Director del Departamento Regional de Ciencias en la Región Centro-Sur Tecnológico de Monterrey Campus Puebla

 

 Por todos es conocido que nuestro Sol no brillará para siempre. Aproximadamente dentro de unos 5 mil millones de años, el Sol consumirá su combustible de hidrógeno y colapsará bajo su propio peso convirtiéndose en una gigante roja, por lo que devorará a los planetas Mercurio, Venus, y probablemente también la Tierra. Finalmente, su envoltura se propagará formando una nebulosa planetaria, en cuyo centro sólo quedará un núcleo desnudo, una enana blanca.

Definitivamente, cuando el Sol se haya convertido en una enana blanca, si para ese entonces hemos sido capaces de sobre­vivir, nuestro futuro dependerá de nuestra capacidad de conquistar otros mundos.

El programa Artemisa de la NASA constituye la antesala de la conquista del humano de otros mundos que comenza­rá a partir del mes de noviembre cuan­do la NASA tiene previsto el lanzamien­to de la primera misión. Este lanzamiento constituye la primera etapa de un ambi­cioso y caro programa de los Estados Uni­dos con el objetivo final de llevar seres hu­manos al planeta Marte, creando prime­ro una ciudad habitada de forma perma­nente en la Luna.
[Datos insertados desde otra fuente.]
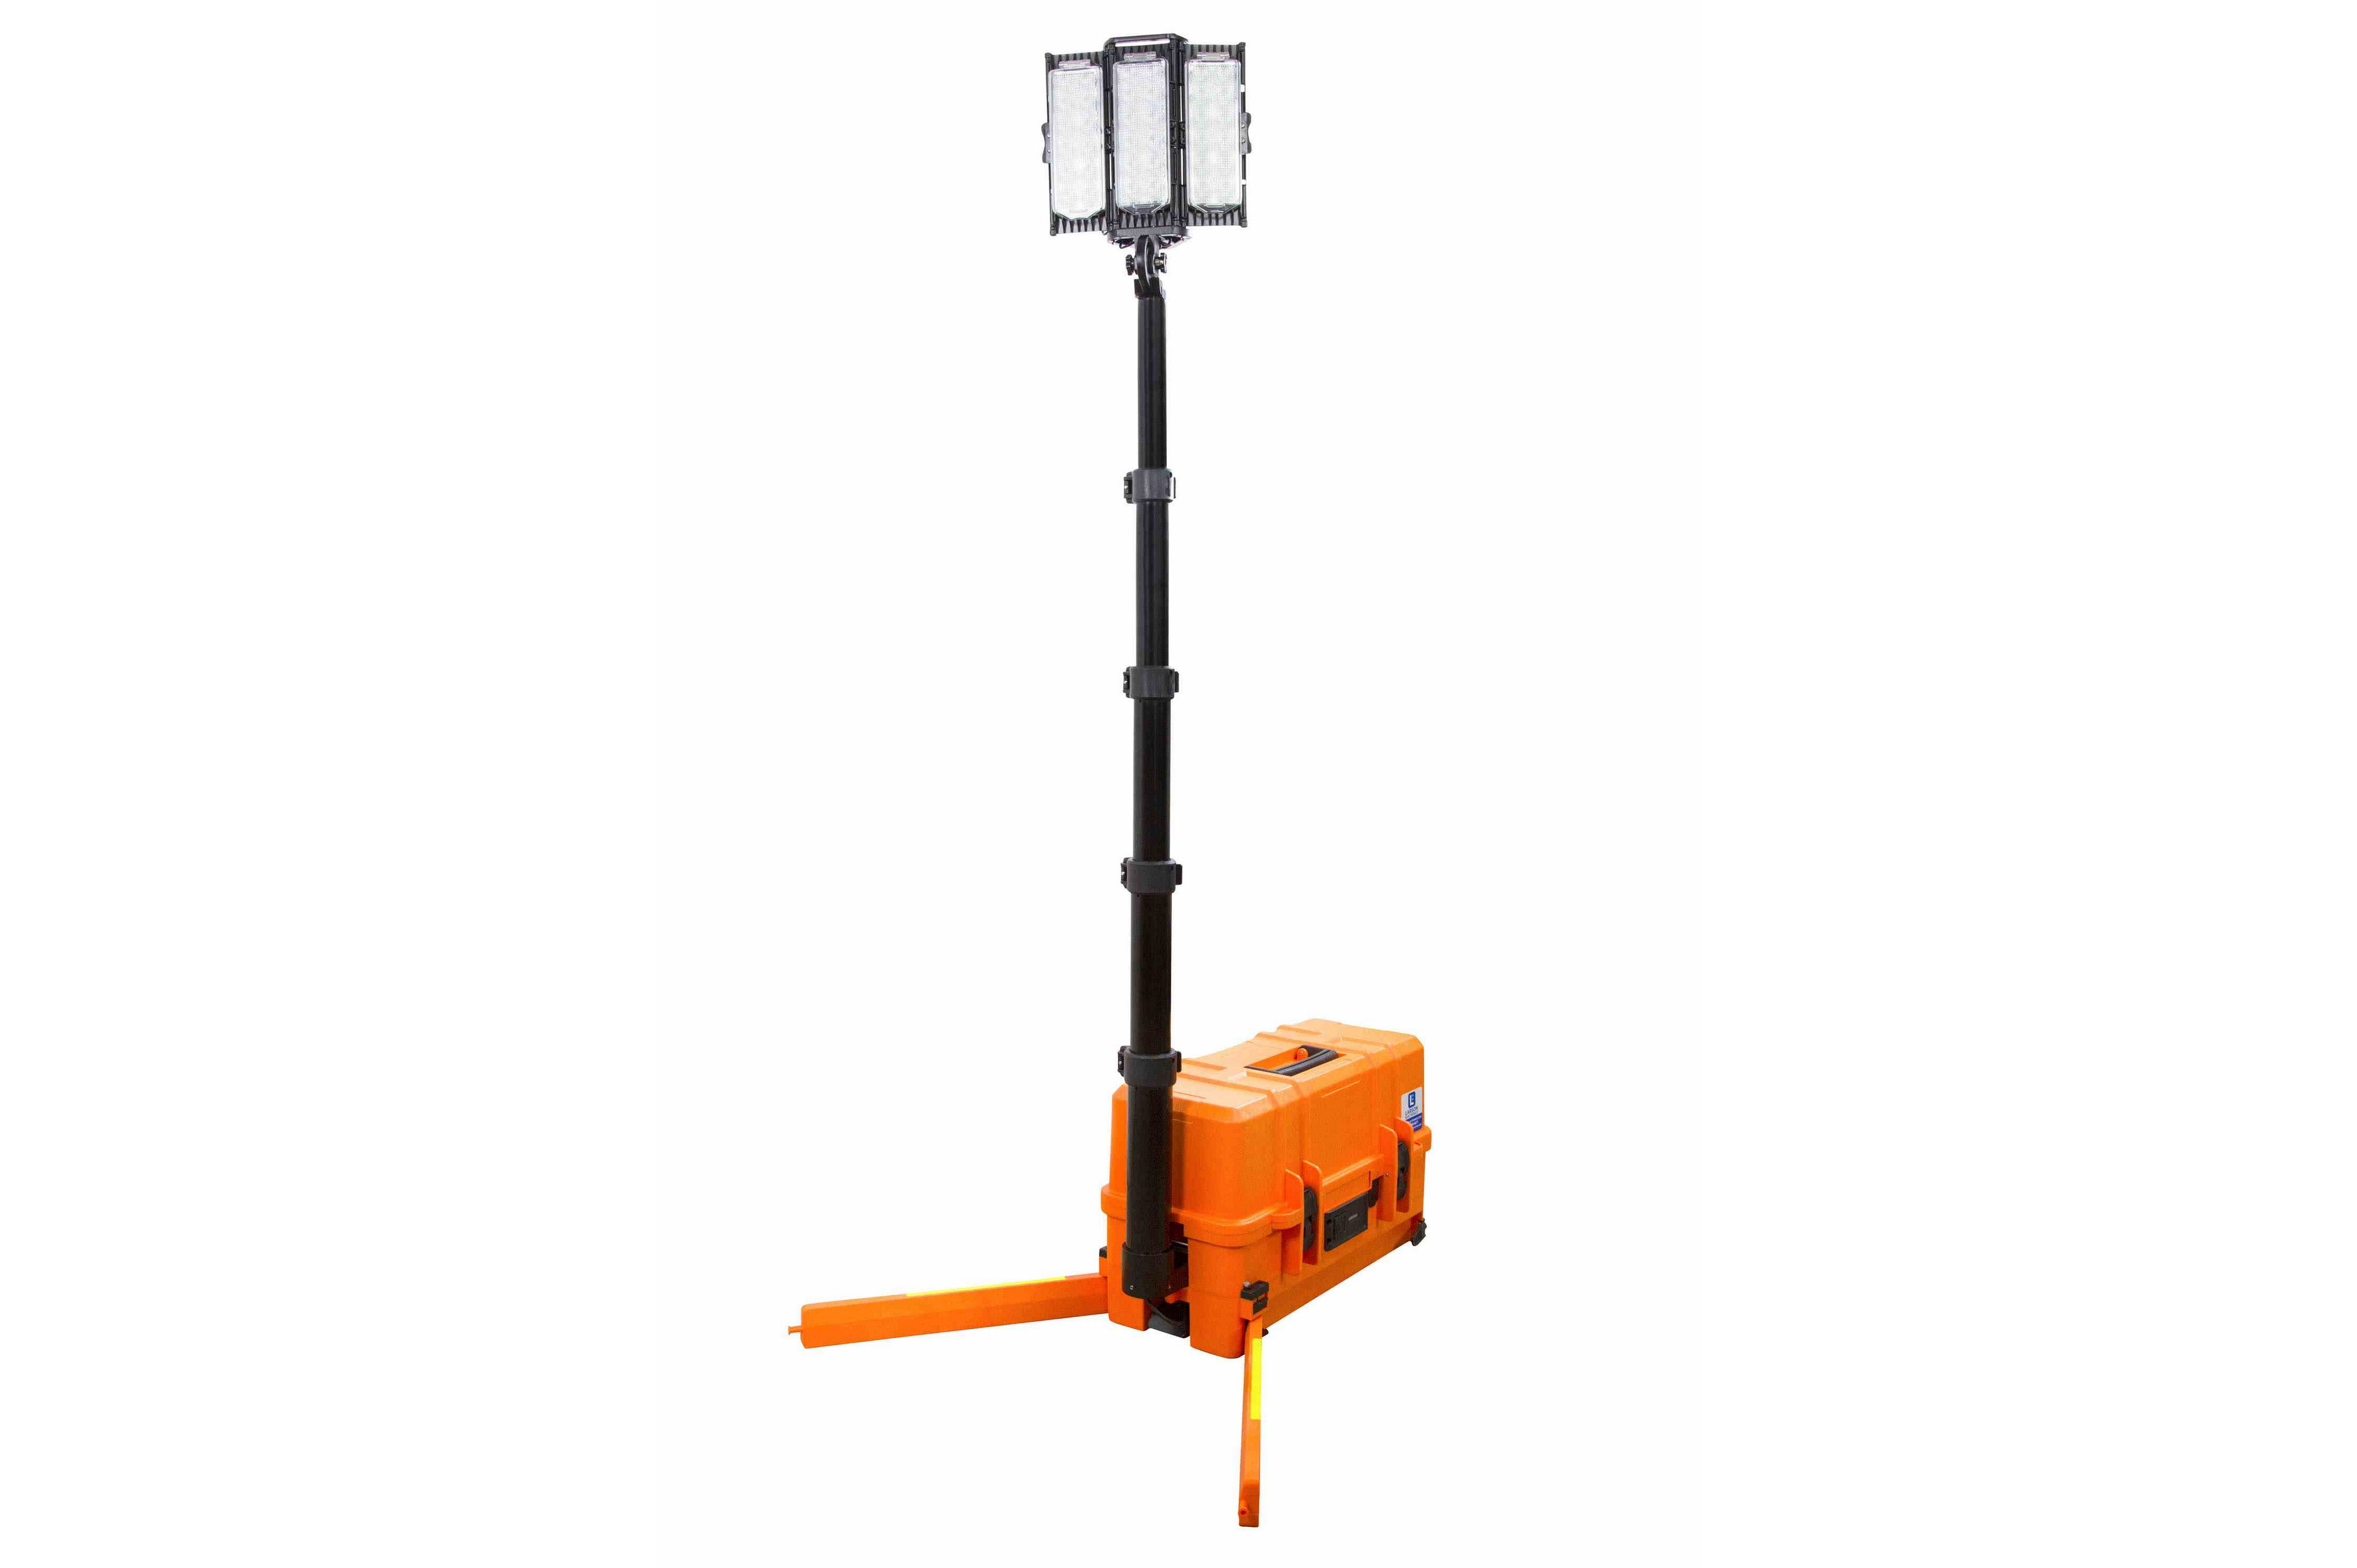 108w Portable Emergency Led Light Tower

Aunque el lanzamiento de la misión Artemis I de la NASA como primera fase de la reconquista de la Lu­na ha sido pospuesto por segunda vez es­to no quiere decir que muy pronto se re­tomará la reconquista de otros mundos. El programa Artemis será la nueva gran aventura que por vez primera creará co­lonias permanentes de seres humanos fuera de la Tierra. Pocos acontecimientos pueden ser más históricos o trascedentes que convertir a la humanidad en una es­pecie multiplanetaria.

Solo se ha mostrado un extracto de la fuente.